Can you share the e-mail where you received this information ?


----------



## Macca1973 (Jan 24, 2021)

Yukoner1 said:


> Can you share the e-mail where you received this information ?


No problem, here it is.


----------



## Yukoner1 (Aug 26, 2019)

Macca1973 said:


> No problem, here it is.


OK, so first thing here is that that's not "Oris". That's a third party retailer. Also, they did not tell you that 20/25 rotations is fully wound. They told you "we usually recommend winding your watch a full 20/25 if you are using a watch winder". So they're saying that you should manually wind 20/25 full crown rotations BEFORE putting it onto the watch winder.

This is why I asked you to post the actual correspondence. I believe you have misunderstood what they said, not to mention, "they" is a retailer, not Oris the manufacturer themselves.


----------



## ACL-Watch (May 23, 2018)

Yukoner1 said:


> OK, so first thing here is that that's not "Oris". That's a third party retailer. Also, they did not tell you that 20/25 rotations is fully wound. They told you "we usually recommend winding your watch a full 20/25 if you are using a watch winder". So they're saying that you should manually wind 20/25 full crown rotations BEFORE putting it onto the watch winder.
> 
> This is why I asked you to post the actual correspondence. I believe you have misunderstood what they said, not to mention, "they" is a retailer, not Oris the manufacturer themselves.

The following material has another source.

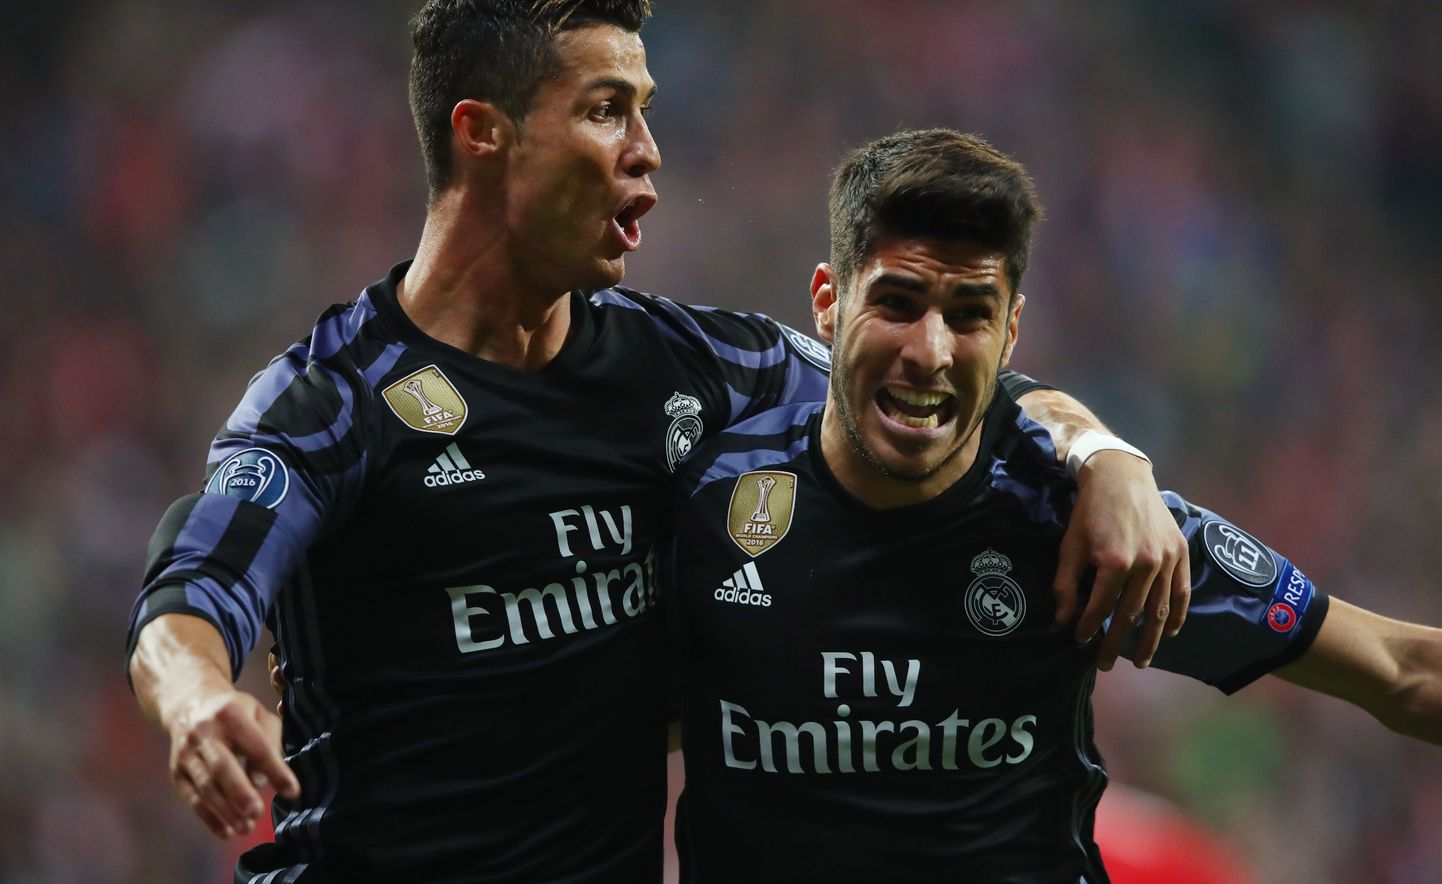 Kas Marco Asensiost (paremal) saab Cristiano Ronaldo mantlipärija Madridi Realis?

Speaking of Oris themselves, I have written to them on a few occasions and they usually get back to me within a couple of days tops.


----------



## Robotaz (Jan 18, 2012)

Yukoner1 said:


> OK, so first thing here is that that's not "Oris". That's a third party retailer. Also, they did not tell you that 20/25 rotations is fully wound. They told you "we usually recommend winding your watch a full 20/25 if you are using a watch winder". So they're saying that you should manually wind 20/25 full crown rotations BEFORE putting it onto the watch winder.
> 
> This is why I asked you to post the actual correspondence. I believe you have misunderstood what they said, not to mention, "they" is a retailer, not Oris the manufacturer themselves.


No reason to address him like he's an invalid child.

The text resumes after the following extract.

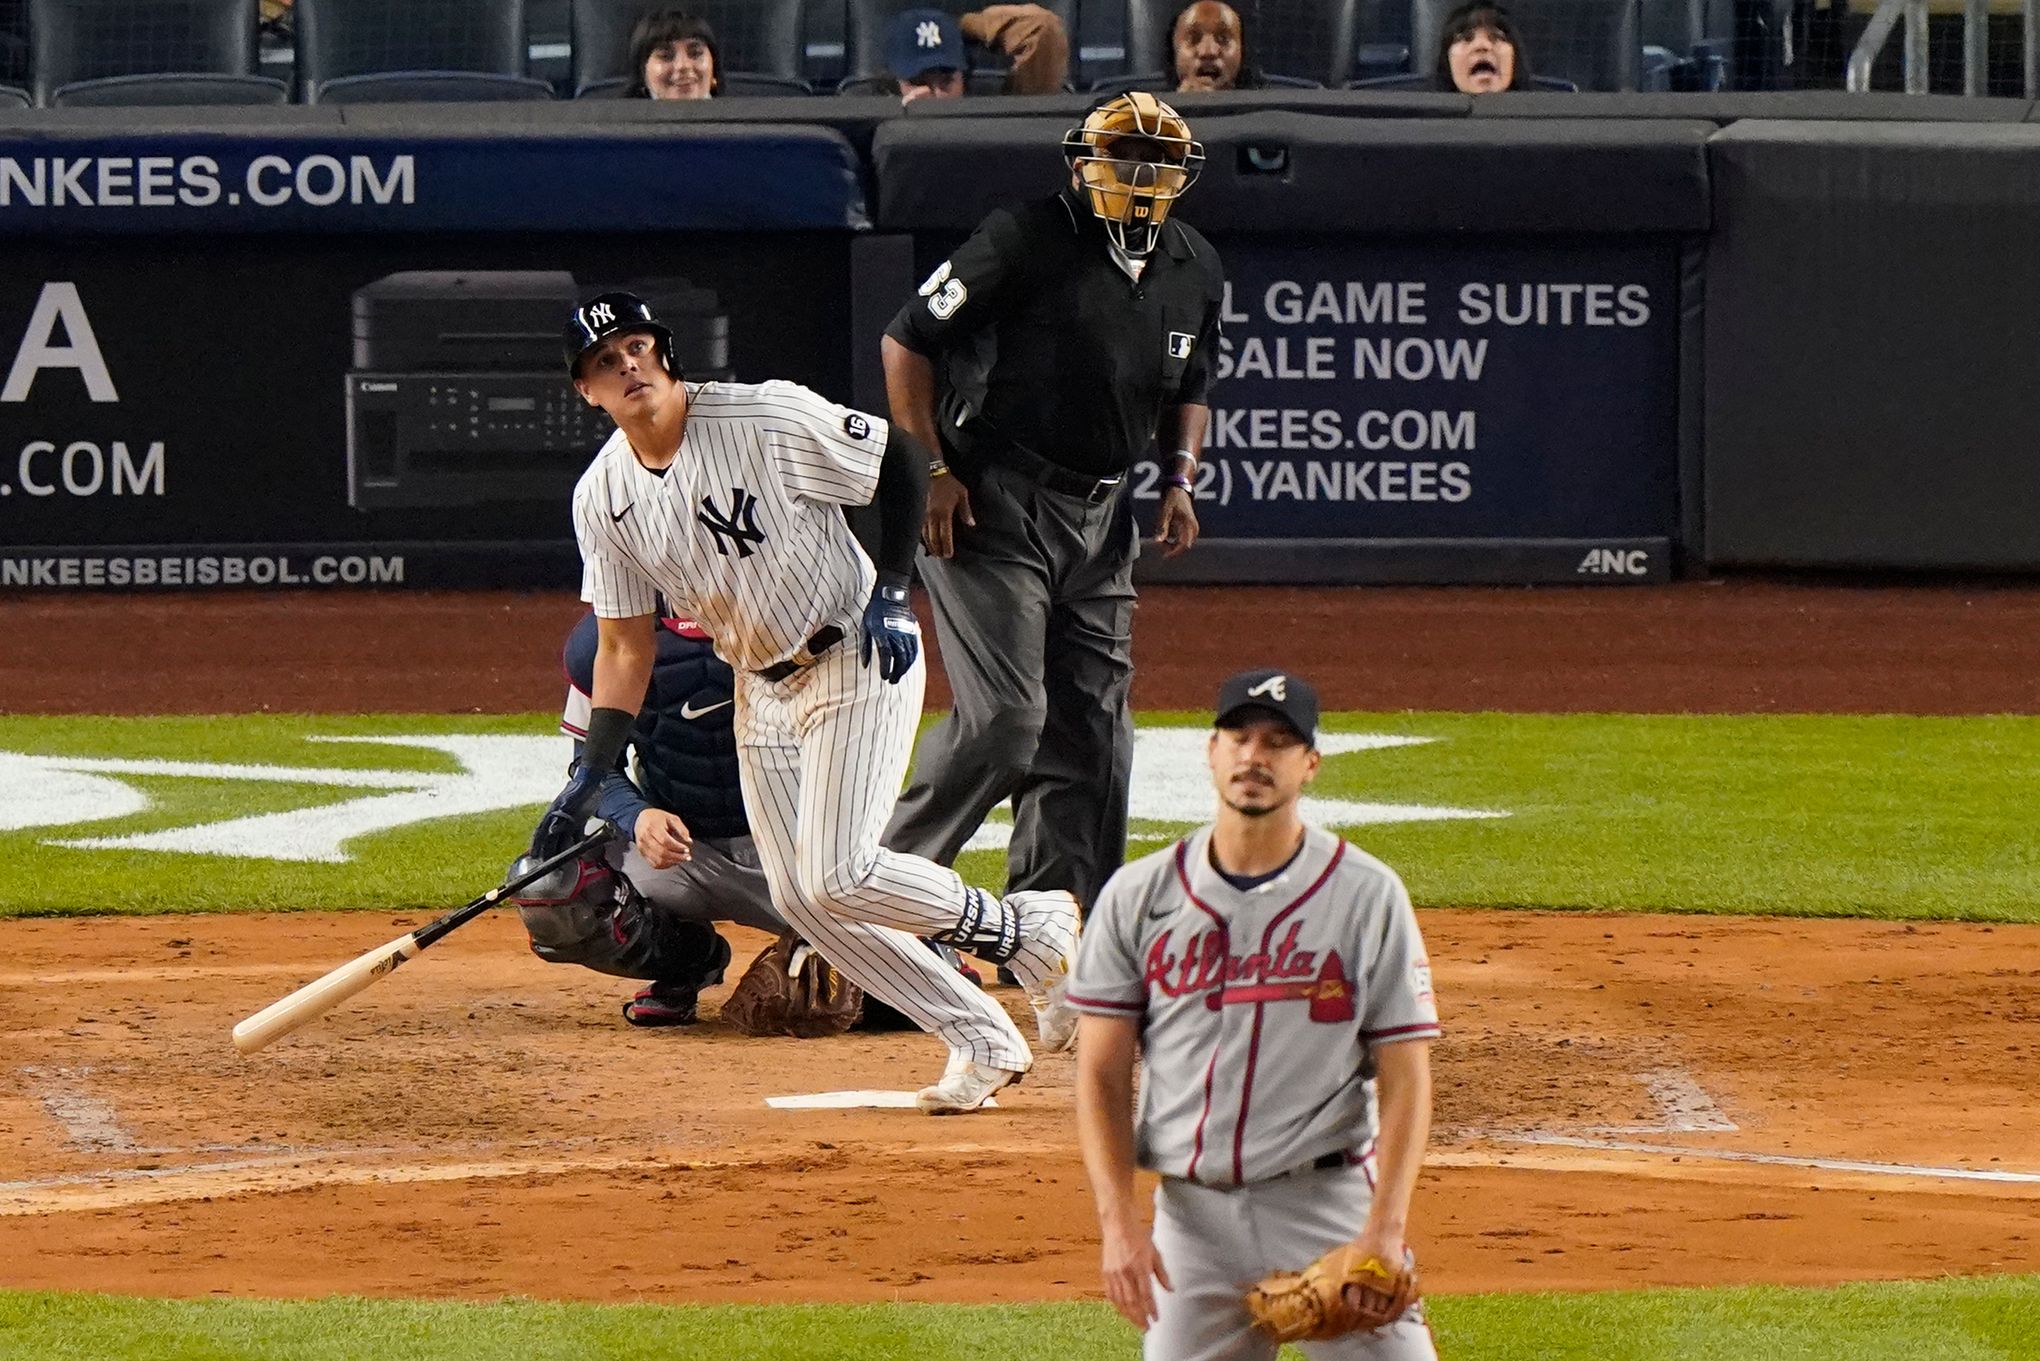 New York Yankees: Can Gio Urshela repeat his 2019 season?

The notion the movement needs to be wound before going on a winder indicates someone has no idea what they're talking about.


----------



## JacobC (Aug 21, 2013)

Robotaz said:


> No reason to address him like he's an invalid child.
> 
> The notion the movement needs to be wound before going on a winder indicates someone has no idea what they're talking about.


You should always hand start an automatic if you care about timekeeping performance.


----------



## Robotaz (Jan 18, 2012)

JacobC said:


> You should always hand start an automatic if you care about timekeeping performance.

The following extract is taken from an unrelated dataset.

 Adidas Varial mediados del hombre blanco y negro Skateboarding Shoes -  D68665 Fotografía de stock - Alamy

Winding a watch before you put it on a winder has no effect whatsoever.


----------



## Macca1973 (Jan 24, 2021)

Yukoner1 said:


> OK, so first thing here is that that's not "Oris". That's a third party retailer. Also, they did not tell you that 20/25 rotations is fully wound. They told you "we usually recommend winding your watch a full 20/25 if you are using a watch winder". So they're saying that you should manually wind 20/25 full crown rotations BEFORE putting it onto the watch winder.
> 
> This is why I asked you to post the actual correspondence. I believe you have misunderstood what they said, not to mention, "they" is a retailer, not Oris the manufacturer themselves.


I did contact Oris through there website. However, they have a predefined form to complete. So when you enter UK as location it obviously gets routed through to there boutique in London. Ideally I wanted to get a response from some technical person in Switzerland but cannot find a way of doing this. With regards to the advice they offered, it is still no good because after winding the watch the full 20-25 turns, then putting in the watch winder, it stopped after a couple of days. Far from satisfactory.


----------



## Macca1973 (Jan 24, 2021)

Robotaz said:


> No reason to address him like he's an invalid child.
> 
> The notion the movement needs to be wound before going on a winder indicates someone has no idea what they're talking about.


No problem. I agree with his points but I did not misunderstand what they said and yes this is Oris's sales boutique. However this is where head office routed my query to.

I had heard that you should manually wind Swatch before it goes into a winder. However, I've never actually done this with any other automatic watch and I've had quite a few and they always work, never stop and keep good time. Defeats the object having the Oris with big power reserve if that's the case.


----------



## Archer (Apr 23, 2009)

Macca1973 said:


> With regards to the advice they offered, it is still no good because after winding the watch the full 20-25 turns, then putting in the watch winder, it stopped after a couple of days. Far from satisfactory.


Lots of confusion in this thread, so if I can clarify a few things...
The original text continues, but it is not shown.